Clinical presentation of IE is variegated and includes systemic complication, infective embolization, as well as significant alteration of the physiological cardiac anatomy. Systemic complications with the development of multiorgan dysfunction and sepsis are unfortunately also frequent. It can cause serious complications and is associated with high mortality (1-3).
Early recognition and rapid medical treatment of patients with IE, as well as the identification of the correct timing of the surgical intervention, are strategic moments to optimize the outcome of these patients. It is very important that these patients are rapidly referred to specialized centers and evaluated by multidisciplinary teams of experts in order to be directed as quickly as possible towards the correct therapeutic path.
The establishment and formalization of multidisciplinary endocarditis management teams with approved protocols helped to achieve faster diagnosis and more standardized medical and surgical protocols, improving the survival of patients and decreasing their hospital stay (6,7).
However, despite attempts to standardize the practice in IE, the lack of powered randomized clinical evidence and the changing scenario of this daunting disease prompted over the course of the years new studies and updates of both the European and American Society’s guidelines for the management of IE (8).
When analyzing the current guidelines that regulate the treatment of this condition from both European Society of Cardiology (ESC) (9) and the American Heart Association (AHA)/American College of Cardiology (ACC) (3) it is possible to notice some aspects of non-univocal consensus regarding the diagnostics and treatment of the disease. A comparison focusing on the role of imaging in the evaluation and management of IE has been recently published (8).
In this review, we will compare the guidelines and discuss important aspects related to the clinical management and indications of for treatment.
We present the following article in accordance with the Narrative Review reporting checklist (available at http://dx.doi.org/10.21037/atm-20-5134).
The endocarditis team
A multidisciplinary approach is recommended and the “endocarditis team” integrates the specific knowledge and expertise of different specialists (cardiologists, anesthesiologists, cardiac surgeons, neurologists, neurosurgeons, infectious disease specialists, microbiologists) (9). Lately, the endocarditis team has acquired an increasing importance to optimize the diagnostic process, decision-making and treatment of the patient.
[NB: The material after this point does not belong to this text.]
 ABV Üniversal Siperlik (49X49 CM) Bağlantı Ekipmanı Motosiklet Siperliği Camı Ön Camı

Implementation of an approach with an “endocarditis team” has shown significant clinical benefits, especially in high-risk patients and patients with heart failure (10,11). Also, the use of this multidisciplinary management framework has shown a significant reduction of 1-year mortality (from 18.2% to 8.2%) a better compliance to antimicrobial therapy and fewer cases of renal failure in addition to a reduction of deaths due to embolic events or multi-organ failure syndrome (6). Furthermore, a significant reduction in the overall in-hospital (28% vs. 13%, P=0.02) and 3-year mortality (34% vs. 16%, P≤0.001), as well as a lower mortality for surgery during the active phase (47% vs. 13%, P≤0.001) was reported (12).
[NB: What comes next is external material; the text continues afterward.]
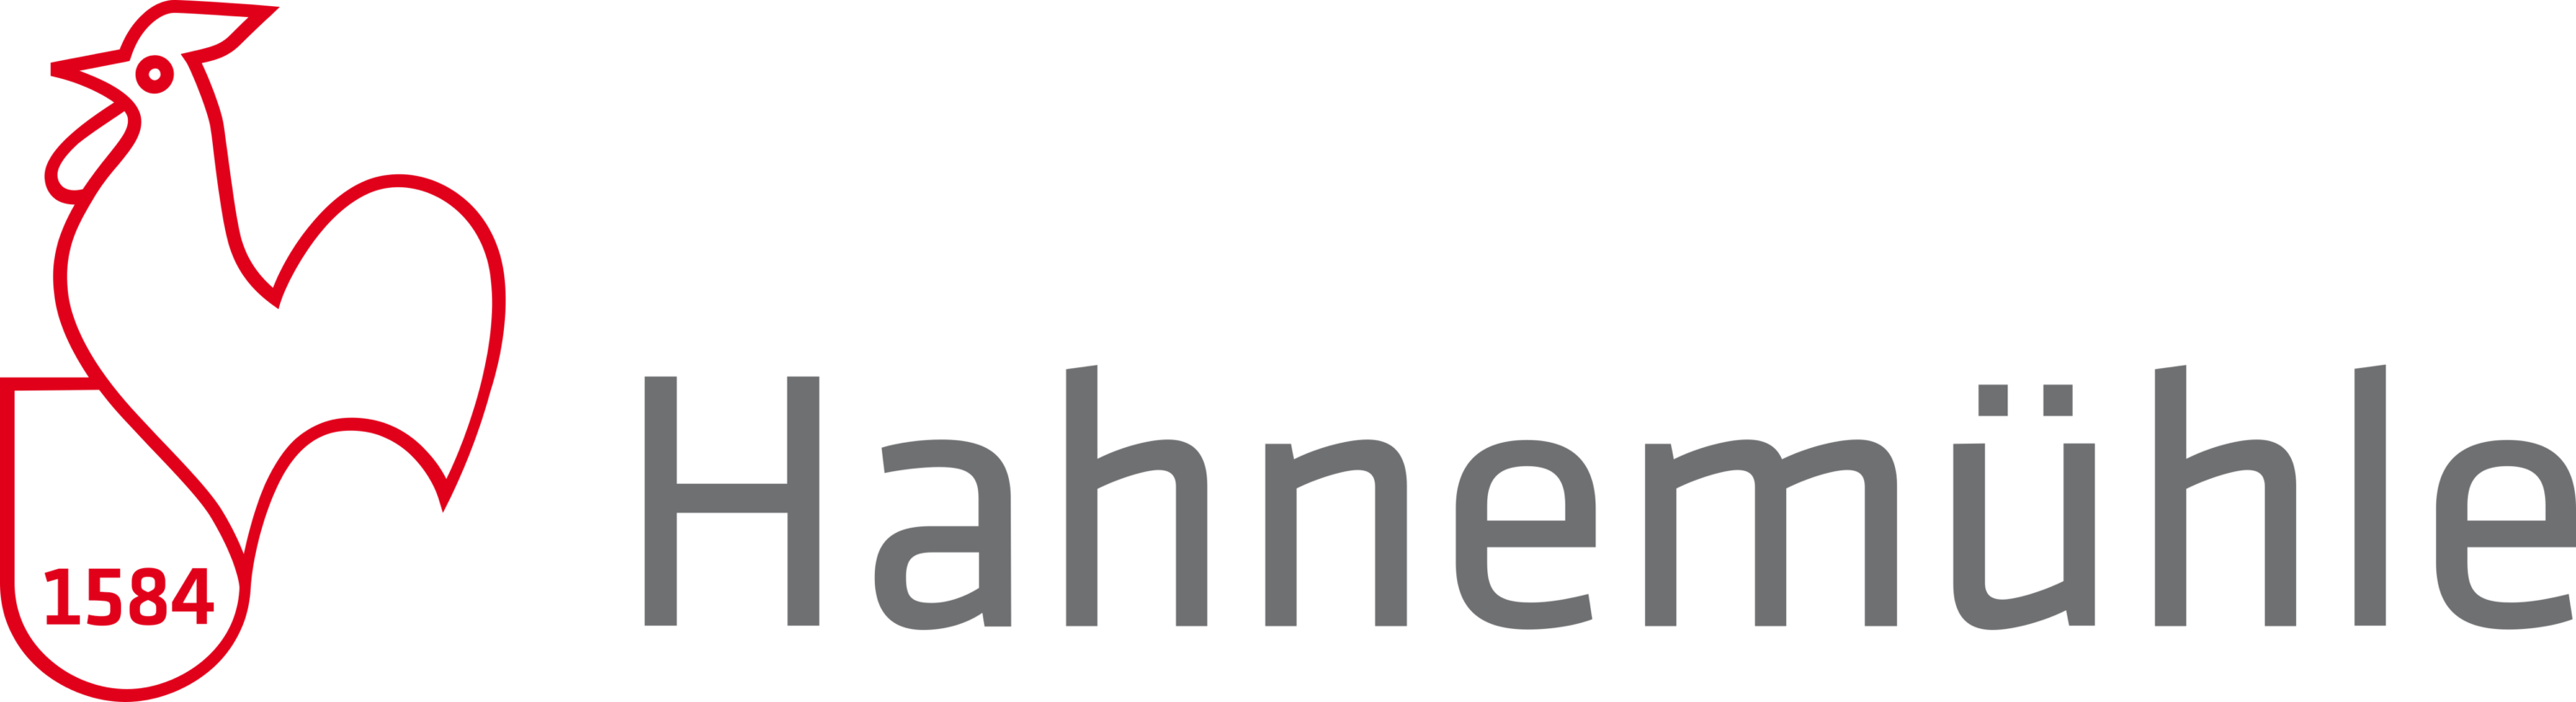 Hahnemuhle Logo

Many professional figures constitute the endocarditis team: cardiologists with echocardiographic expertise, radiologists, microbiologists and infectious disease specialists to identify the adequate antibiotic therapy scheme, cardiac surgeons to define indications and timing for surgery, neurologists in case of neurological complications, surgeons and vascular interventionists to manage other systemic embolic complications (splenic abscesses and peripheral embolism).
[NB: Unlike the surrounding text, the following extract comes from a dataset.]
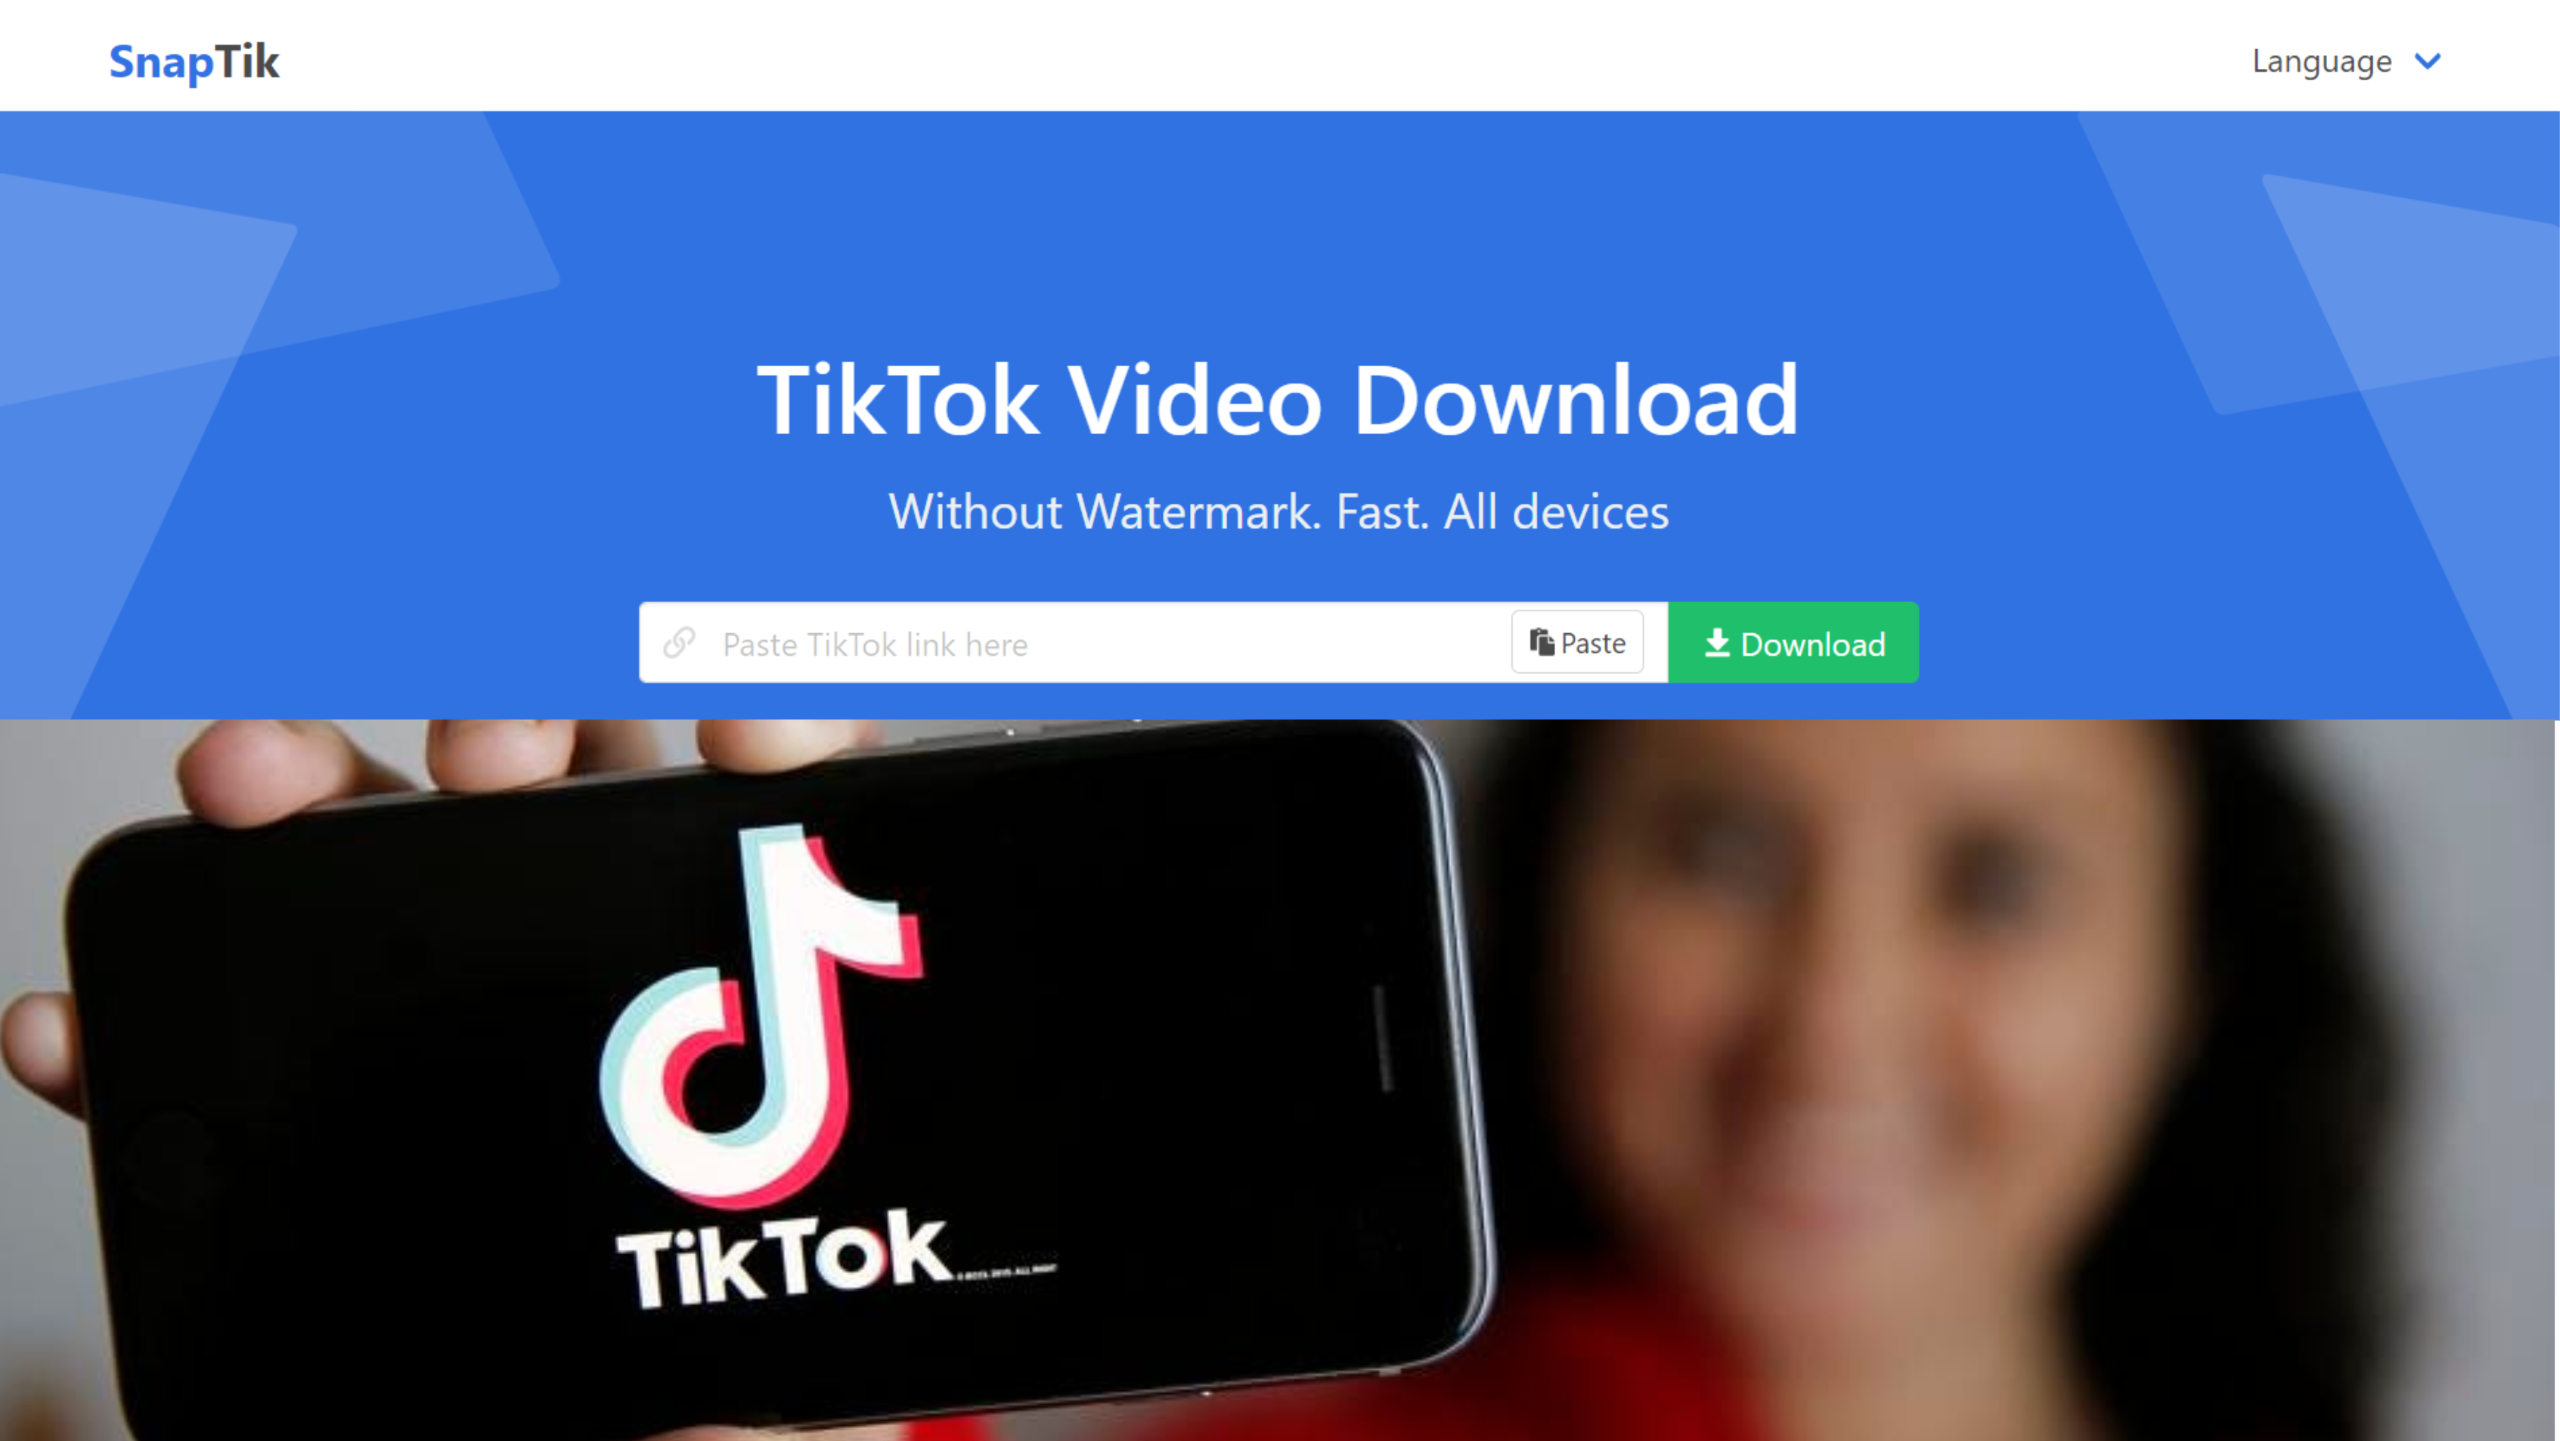 TikTok: Is Snaptik safe? + How to download?

Despite patients with isolated, non-high-risk IE could be managed in small, non-specialized centers, regular communication with a multidisciplinary team of endocarditis in the reference centers should be established. Onset of complications or the lack of improvement, should prompt a quick transfer of the patient to referral centers with an endocarditis team. It should also be considered that the role of the endocarditis team is not only limited to the management of patients with IE, but also involves education of medical students, health care workers and the contribute with clinical research to the improvement of the global care standard (13).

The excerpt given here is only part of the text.